What do you have in mind? Ethical questions in neuroscience

Nov 14, 2008

(PhysOrg.com) -- New methods for examining and influencing brain activity have led to better treatments for disabling neurological and psychiatric diseases, but they also pose ethical questions about their use inside and outside of medicine.

"Experts from many fields are weighing in on the practical use of neuroscience findings and their philosophical implications," said Dr. Michael Shadlen, University of Washington professor of physiology and biophysics, Howard Hughes Medical Institute investigator, and a researcher at the Washington National Primate Research Center, who will be among the panelists at the first-ever meeting of the Neuroethics Society in Washington, D.C., this week. "People at this meeting are not out to prove what is right or wrong, but are there to provide input on public policy." The meeting is being held at the American Association for the Advancement of Science headquarters.

Shadlen will be on the panel, "The Science of Decision-Making and Free Will." He studies the neurobiology of decision-making. The most important advances in this area, he noted, come from recordings made from neurons in the brains of monkeys, who are trained to make difficult decisions based on evidence. The goal of his research team is to learn more about the nerve cells in the brain that evaluate evidence and convert it into a verdict and a plan of action. They have gathered data about the tradeoff between accuracy and speed in picking choices.

"The choices people make are one aspect of their personality," Shadlen said. "Neurobiology is starting to illuminate the workings of the brain that are the grist of the ethical dialogue that we have with ourselves and with other people. We engage in this dialogue and defend our acts as reasonable."

"What is it about our brains that values the expression of being ethical?" asked Shadlen, who described himself as being a "closet hack philosopher" in college. As an undergraduate, he said, he became interested in how people think, decide, and reason.

"There's a fear that understanding the neurobiology of decision making turns people into machines. If that is the case, then free will and responsibility become myths that have been contrived to hold society together," Shadlen said. "I think this fear is based on faulty reasoning. Neurobiology doesn't threaten but instead shows what makes us ethical."

Studies of how the brain functions and malfunctions, Shadlen said, also have implications in law and in criminal justice. When is a person responsible for his or her actions? He gave an example: If people have brain tumors, do we hold them negligent for making hasty decisions? Should they have taken extra precautions because they know they have a problem?

"Decision-making is a hot research topic in the neurosciences," Shadlen observed, "because it brings together studies of the sensory and the motor systems. It looks at how the brain determines actions based on what it perceives." Shadlen added the study of decision-making also may lead to discovering the neural basis of many other higher brain functions that use information in a contingent fashion and in a flexible time frame, free from the immediacy of sensory events or the need to react right now. Next week, in addition to the panel discussion at the Neuroethics Society meeting, Shadlen will also give a special lecture at Neuroscience 2008, the annual meeting of the Society for Neuroscience, on "Neurobiology of Decision-Making: A Window on Cognition."

Shadlen said what motivates him as a medical scientist is to grasp the fundamentals of how the brain works and to alleviate suffering from debilitating conditions.

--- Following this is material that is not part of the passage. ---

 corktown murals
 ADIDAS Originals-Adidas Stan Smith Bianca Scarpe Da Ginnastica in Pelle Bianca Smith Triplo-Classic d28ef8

"Some people see a commercial potential in being able to detect and measure brain functions," Shadlen said. "But in some cases they are being sold a bad bill of goods." For example, he noted, despite claims, there is no scientific evidence that functional magnetic resonance images or brain wave recordings reveal lying.

Another major question in neuroethics stems from the healthy high-achievers seeking more brain power and mental stamina by taking drugs intended for neurological or psychiatric disorders. College and university campuses are witnessing a climb in "cognitive enhancement" among some faculty members and students. The societal implications of cognitive enhancement will be discussed at this week's neuroethics meeting.

Other debates revolve around military uses of neuroscience developments. The military provides soldiers in combat with drugs to keep them awake and vigilant and to protect against nerve toxins, and researches other defensive strategies. University of Pennsylvania's Jonathan Moreno, author of Mind Wars: Neuroscience and National Defense, will be among the moderators at the neuroethics meeting. (Listen to Moreno's talk at UW Psychiatry Grand Rounds: depts.washington.edu/fadu/)

Additional emerging topics in neuroethics are diagnosing childhood bipolar disorder, deep-brain stimulation, national intelligence and neuroscience, and the business of neuroscience.